Last Exile

Ed eccoci alla mia prima, vera bruciante delusione:

Last Exile

Innanzitutto la storia. In un mondo alternativo di stampo ottocentesco dove però una misteriosa tecnologia rende le macchine volanti una comune realtà, ci sono Claus e Lavie che, orfani e soli, si occupano di effettuare consegne con una delle suddette. Ad un certo punto ricevono da un corriere morente una missione pericolosissima: consegnare una bambina ad una pericolosa nave-pirata.
La consegna vien effettuata, ma Claus non ha il cuore di abbandonare la bambina al suo destino…

Ok. Può essere che forse io non abbia capito una mazza: ho visto giudizi molto positivi su questa serie, e per questo mi son fidato. Mai l’avessi fatto!
In primis, devo dire che le premesse erano ottime. Disegni molto accattivanti, un mondo davvero ben fatto e attraente per l’occhio, senza contare che le macchine volanti sono molto belle e si prestano a molte ottime scene. Non per nulla la corsa che si svolge all’inizio della serie è uno dei momenti da me preferiti: a quel punto, ero convinto che avrei visto un’ottima serie.
Purtroppo dopo tale punto, tutto crolla miseramente. I personaggi iniziano ad agire senza alcuna logica. Per quanto la bambina da consegnare fosse carina, non vedo perché -dopo la consegna- correre dietro alla nave pirata per “vedere come sta”. Ma soprassediamo. Claus e Lavie arrivano alla nave, entrano nell’hangar e litigano con i meccanici: Claus piglia un bel po’ di botte, e la situazione pare decisamente critica. Improvvisamente gli concedono la possibilità di vedere Al (la bimba). E lui decide, giustamente, di unirsi alla nave pirata (????). Non bastasse, due secondi dopo diventa amicone con tutti quelli che l’avevano appena scassato di botte…
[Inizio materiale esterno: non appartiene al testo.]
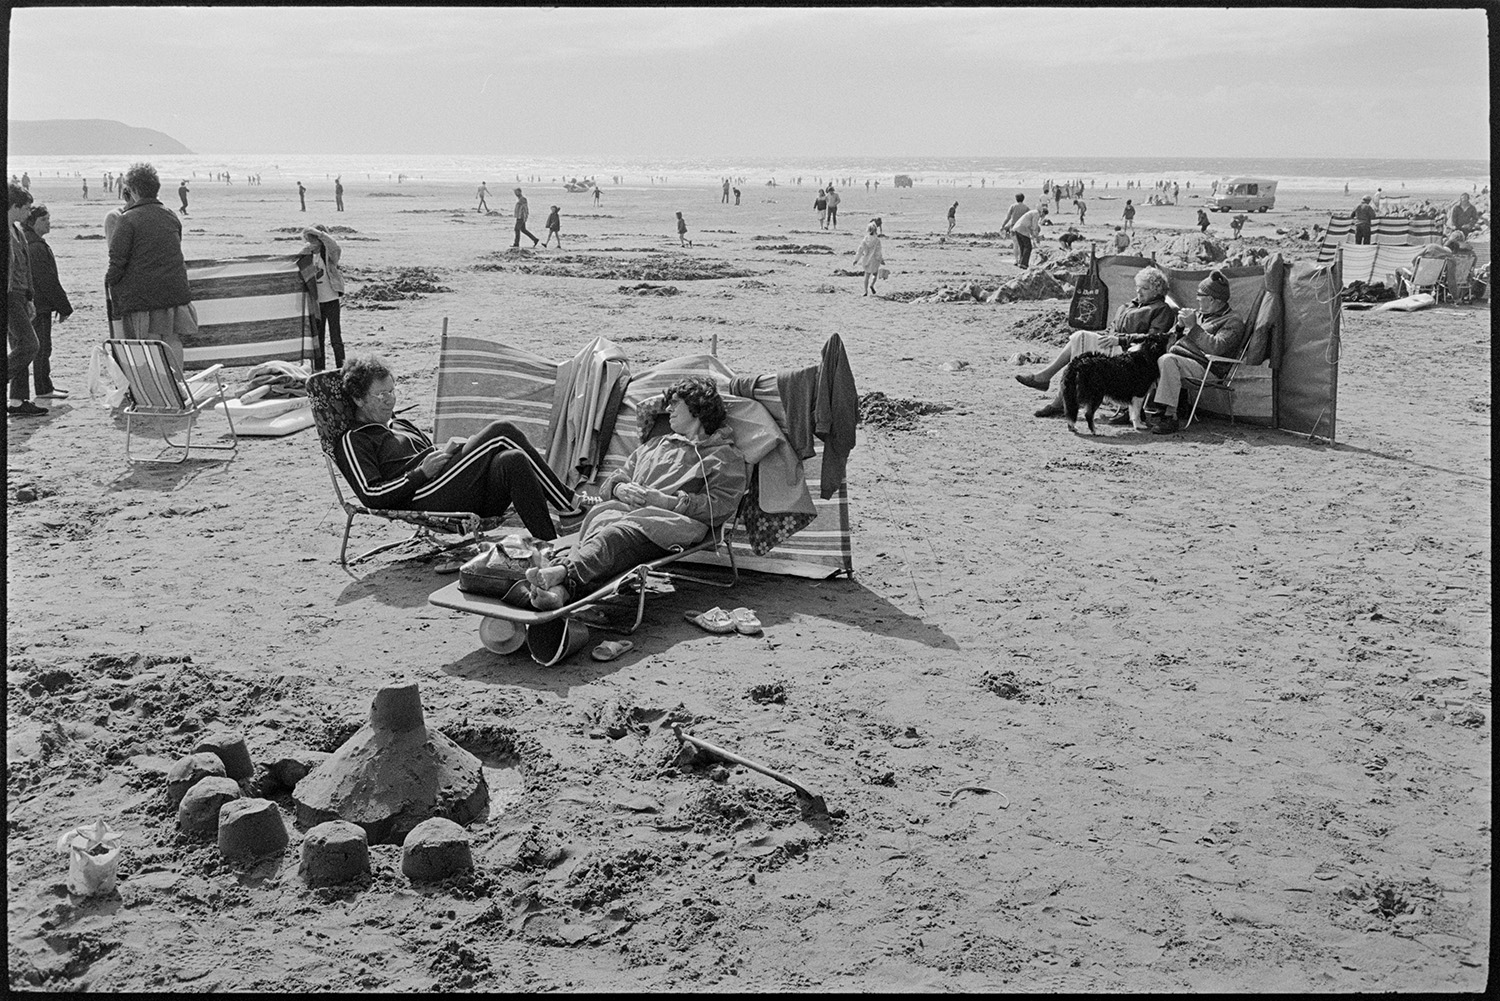 Beach scenes, people sitting behind windbreaks.
[Holidaymakers on Woolacombe beach sitting behind windbreaks, with sand castles in the foreground. An ice cream van and other holidaymakers are visible in the distance.]

Purtroppo la serie intera è costituita da simili incongruenze. Più volte mi son ritrovato a controllare che non avessi per caso saltato una puntata, perché tra un pezzo e l’altro non c’era alcuna connessione logica: la storia andava avanti a singhiozzo, senza un briciolo di credibilità né di motivazioni per tutto ciò che accadeva. I personaggi chiave diventano improvvisamente inutili, i personaggi secondari ad un certo punto diventano come eroi e rubano la scena all’azione principale,… una tragedia.

Una cosa si salva, e parecchio: i combattimenti aerei. sono davvero ben fatti, godibili e di buon passo. Peccato che siano davvero pochi sparsi qua e là nelle puntate, e non bastano a salvare quanto di malfunzioante c’è. Anche uno dei pochi personaggi che spiccavano, Dio, alla fine cede e non rispetta alcuna delle aspettative che ci si poteva esser fatti.

La delusione è stata forte perché le premesse erano ottime: un’ambientazione bellissima, dei protagonisti simpatici, un inizio di storia che poteva sembrare avvincente e infinite possibilità di sviluppo tra voli in cielo e intrighi politici (purtroppo sviluppati nebulosamente). Nulla di tutto ciò si è realizzato, lasciando un prodotto che, per la prima volta, ho davvero fatto fatica a finire.

Voto: 4. Darei anche meno, ma le battaglie aeree erano davvero ben fatte.

Consigliato a: chi ama i vestiti 800eschi; chi vuol vedere qualche (raro) bel combattimento aereo; chi si vuol far del male.